POESIE ET ENGAGEMENT.

Qu’en est-il du rapport du poète avec les problèmes contemporains ?

Le poète peut-il se permettre encore de rester dans sa « tour d’ivoire », dans sa « bulle » ?

Dans le Tiers-Monde (en particulier, je pense à L’Amérique latine, mais aussi au monde arabe, que ce soit du Machrek ou du Maghreb, et à l’Afrique noire), poésie, littérature riment souvent, encore, avec engagement.

La poésie, dit-on fréquemment, est une affaire de CŒUR, d’humanisme. Elle a , en tout cas, partie liée avec la sensibilité, l’empathie.

Cependant, l’Occident enferme la poésie dans des « lieux d’élite » de plus en plus coupés du réel et de toutes les agonies humaines, dérangeantes. Dans des chapelles aseptisées, sur lesquelles la société est sensée ne pas avoir prise. Dans des sortes de « limbes » qui seraient le domaine propre – et intouchable - de la Poésie, hyper idéalisée (comme l’étaient les Idées de la caverne de Platon).

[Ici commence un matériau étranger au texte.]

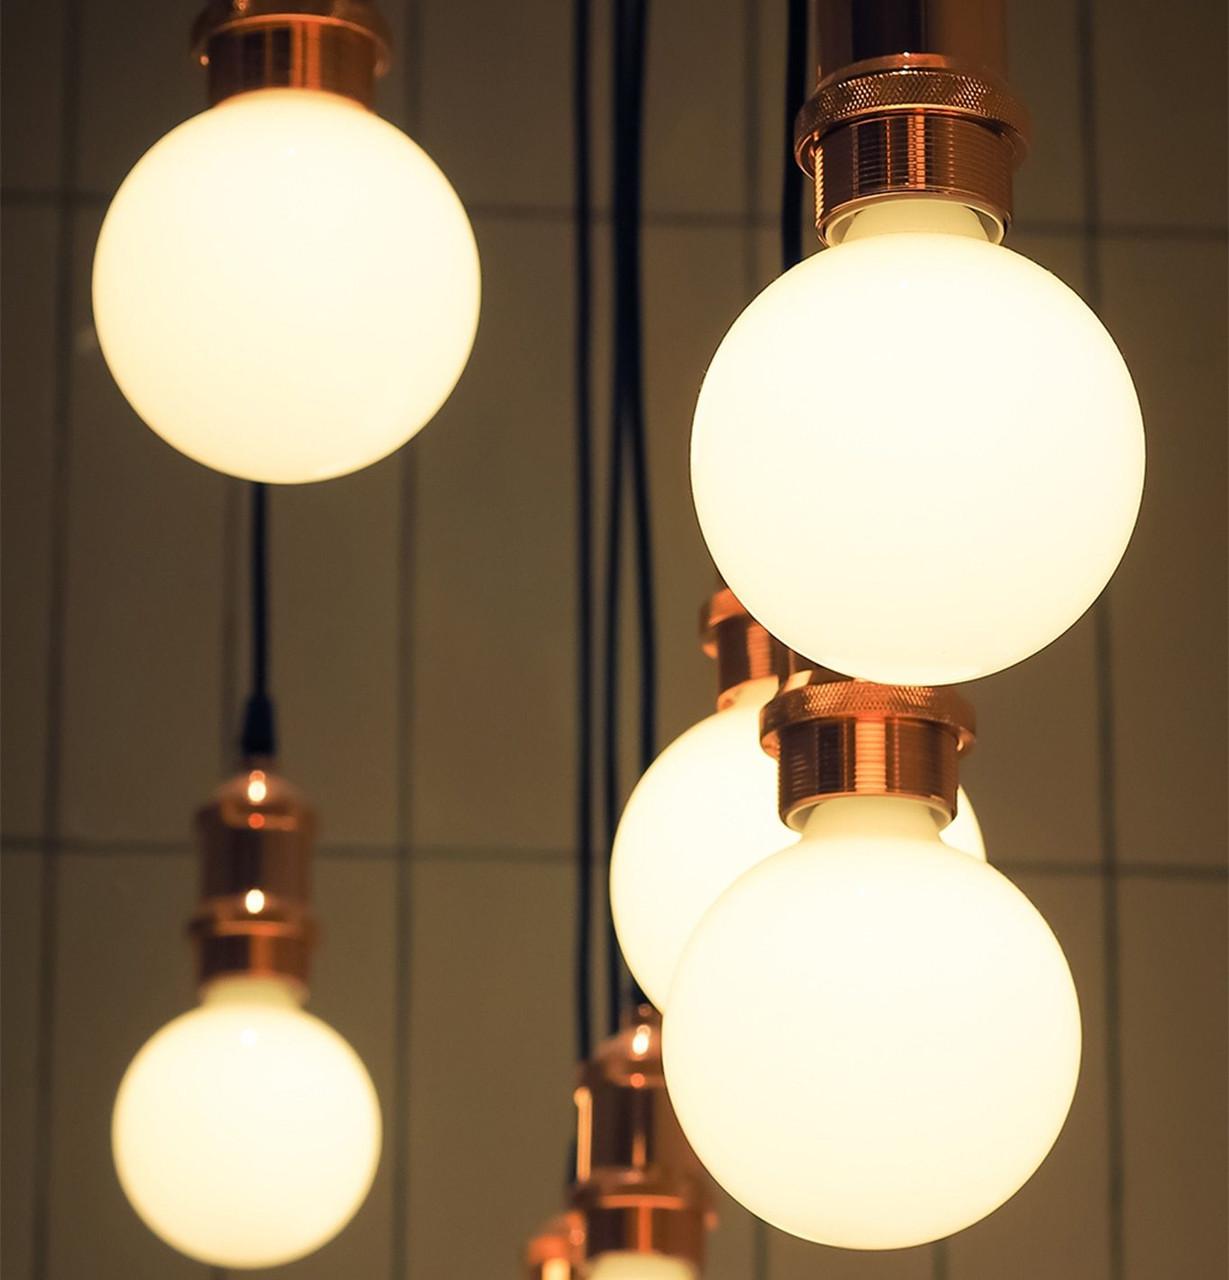 LED G125 B22 Light Bulbs

Depuis le surréalisme et l’après-guerre, la poésie européenne semble percevoir l’engagement comme une sorte de faiblesse, de détournement malvenu de l’idéal poétique. Est-ce l’effet d’une longue période de paix continentale et civile à l’échelle de chaque pays, de prospérité vouée à l’embourgeoisement des contrées, au raz-de-marée des classes moyennes repues ?

Le poète, dans le sillage de Rimbaud, ou d’Arthaud, clame souvent à qui veut l’entendre qu’il est, par excellence, un anarchiste, un révolté, un marginal, et une homme libre, donc un « pousseur de coups de gueule ». Les exemples abondent : retenons, en particulier, Jacques Simonomis. Pour Jacques Simonomis, la « marginalité » n’était pas que pause. Elle résultait d’une sincérité quasi « tripale » d’écorché vif.

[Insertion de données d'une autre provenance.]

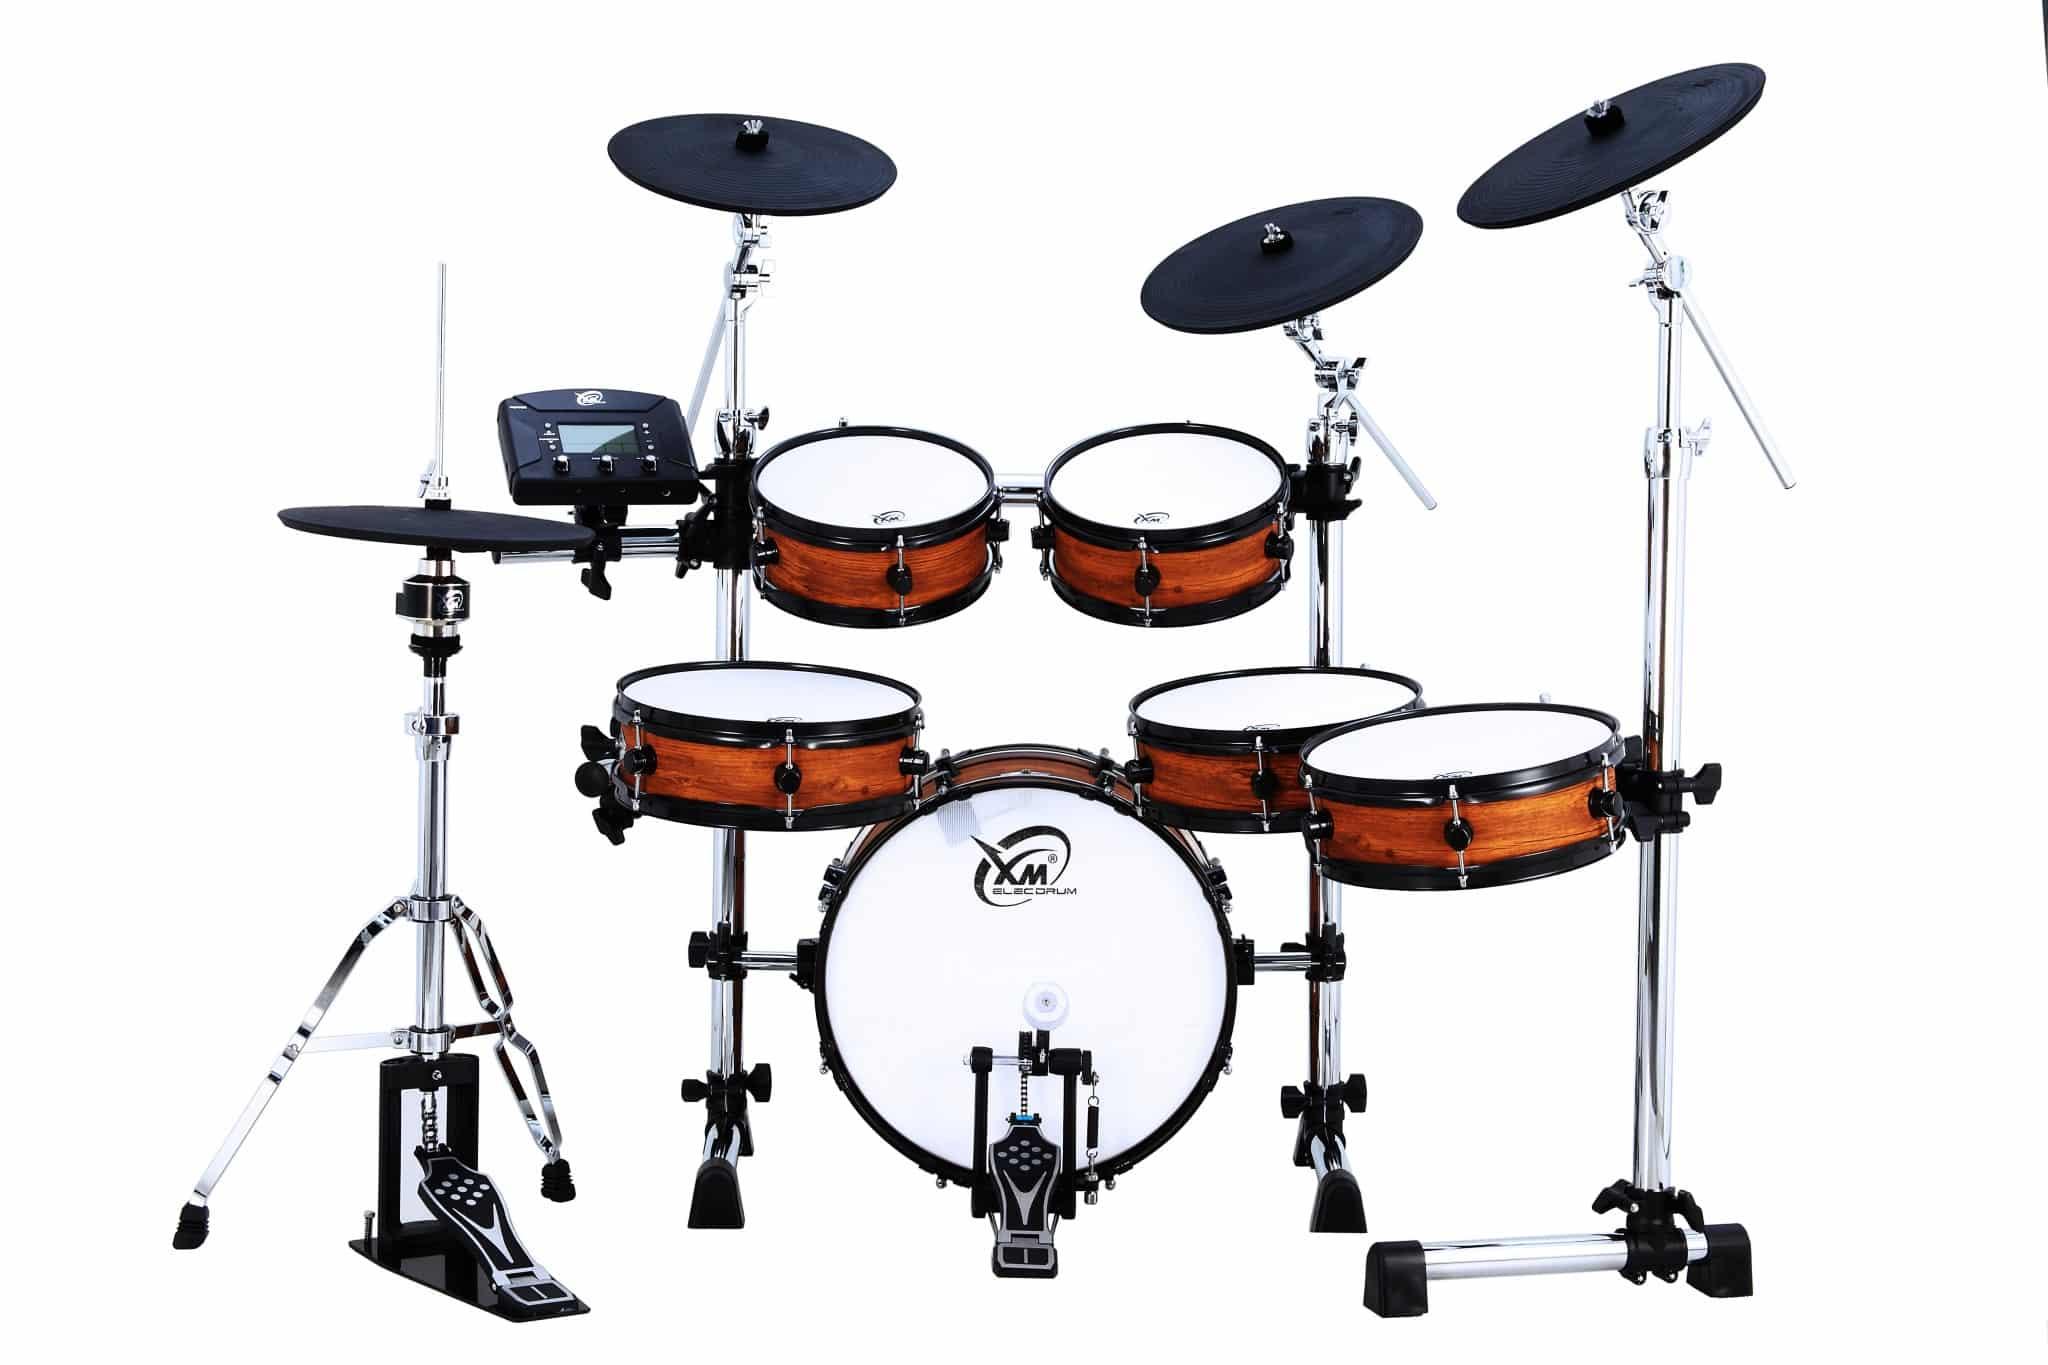 Elektronisch drumstel kopen gids

Mais, pour un Simonomis à l’œil aiguisé, combien de poètes dont le confort de vie occidental, le ronron ont émoussé les réflexes ?

Depuis la chute du Mur de Berlin, l’on ne croit plus, en Occident, à l’engagement. Le « monde libre et démocratique », dans un accès d’autosatisfaction, s’est persuadé qu’il n’y a de salut qu’en le capitalisme.. Que le Tiers-Monde demeuré incompréhensible, l’avait déçu.

Et puis…il y a l’engluement, l’endormissement dans un style de vie protégé.

Après tout, l’Occident, l’Europe sont une sorte d’îlot de privilèges.

Hormis les « îles à vacances », on a appris à craindre le Tiers-Monde. Indifférence de l’individualisme exacerbé, crispation xénophobe ont joué de concert…comme quoi le poète est, comme tout un chacun, l’otage de sa société.

Que faire, à présent, pour sortir le poète d’occident de son confort bourgeois ? Que faire, pour qu’il se rende compte que sa conception de la poésie est un luxe ?

Suffirait-il de le balader – plus ou moins de force – dans les cités où le spectre de la pauvreté et son logique, indispensable corollaire, la colère, rôdent ? Suffirait-il à le contraindre à tomber nez à nez avec le S.D.F ou, sans aller si loin, le « nouveau pauvre » ?

Il faut être logique : tôt ou tard, la logique somme de choisir.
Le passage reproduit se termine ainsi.